Investors were caught up in the internet and technology changing the economy and how people do business during the bubble, but they failed to differentiate between the price of the stocks they were trading and the value of the underlying companies. Warren Buffet remarked that one of the reasons he liked his investment in Wrigley, the chewing gum manufacturer, was because it was boring – the internet wasn’t going to change how people chewed gum. Buffett found value where others didn’t. Other investors were gambling in the stock market hoping that the price of their stocks would go up and up and up. After the bubble pops, however, you can pick up some of those same stocks that were trading at astronomical levels at rock-bottom valuations. In that instance, I’m reminded of the saying that one man’s trash is another man’s treasure. That’s when I really like a stock – when everyone hates it and is selling it. Like Buffett with Wrigley, I show deference to the ones that have good long-term economics working in their favor.
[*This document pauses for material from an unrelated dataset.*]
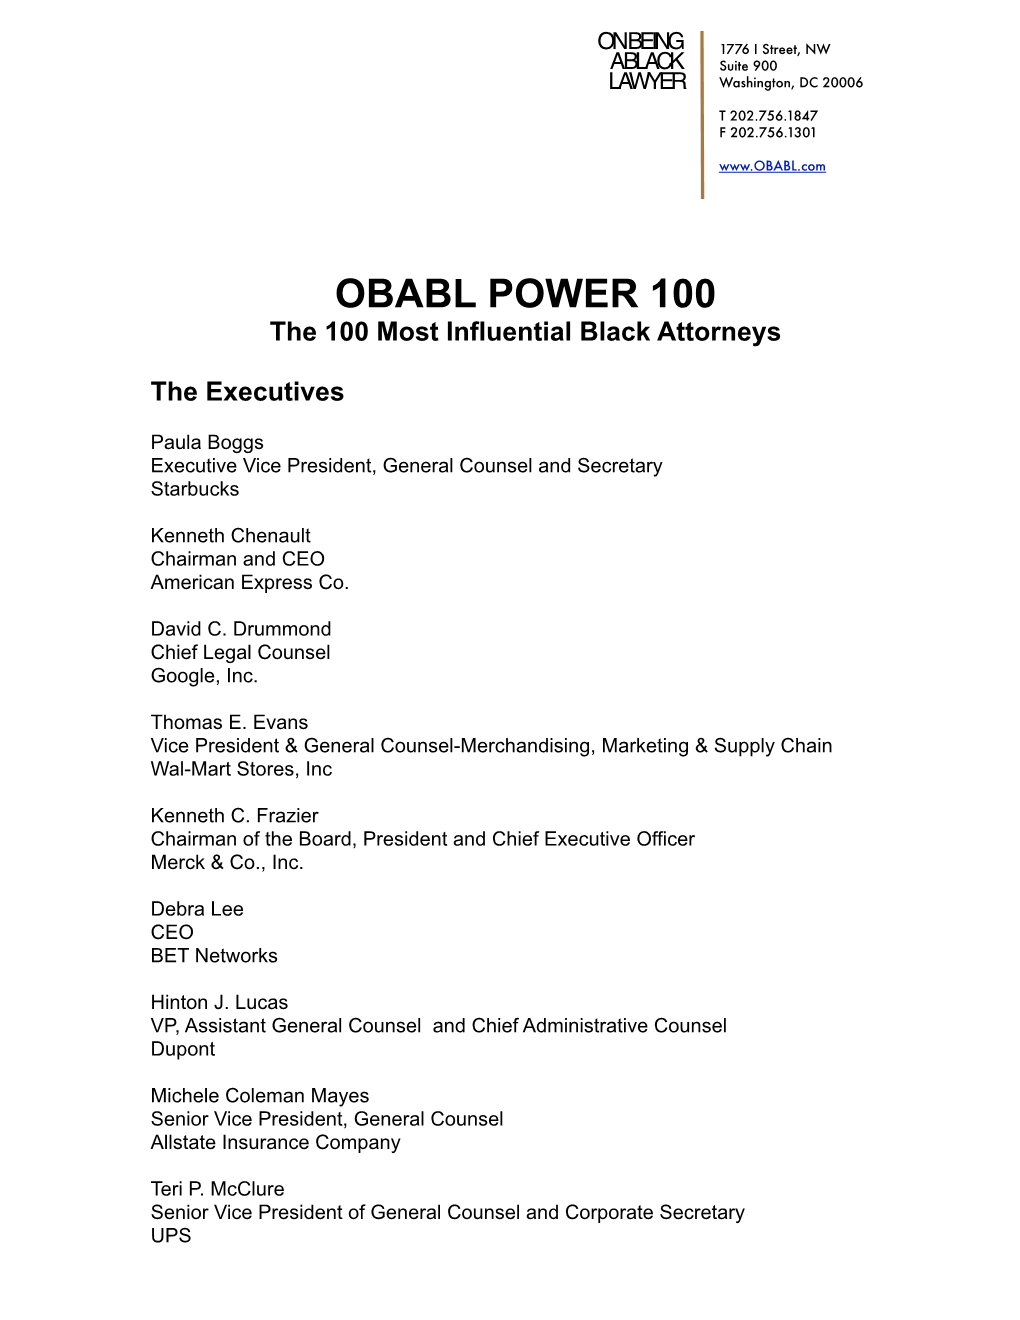 OBABL POWER 100 the 100 Most Influential Black Attorneys

Price is what you pay and value is what you get. Remember that whether you’re buying a stock, a car, a house, or a sandwich. I’ve been to numerous places that charge me $10 for an average sandwich, while the place that charges me $5 not only gives me a bigger sandwich but a better tasting and fulfilling one. The same holds true for investments, but people seem to forget that. In the long-term, it’s usually the average sandwich that comes down in price and the better one that goes up in price, but the value has always been the same. So next time you’re shopping, eating out, or investing – before you buy – remember to ask yourself if there is value in the transaction for you. Learn from Phillip Fisher and identify the value of things you buy and not just the price of them.

Disclaimer: None.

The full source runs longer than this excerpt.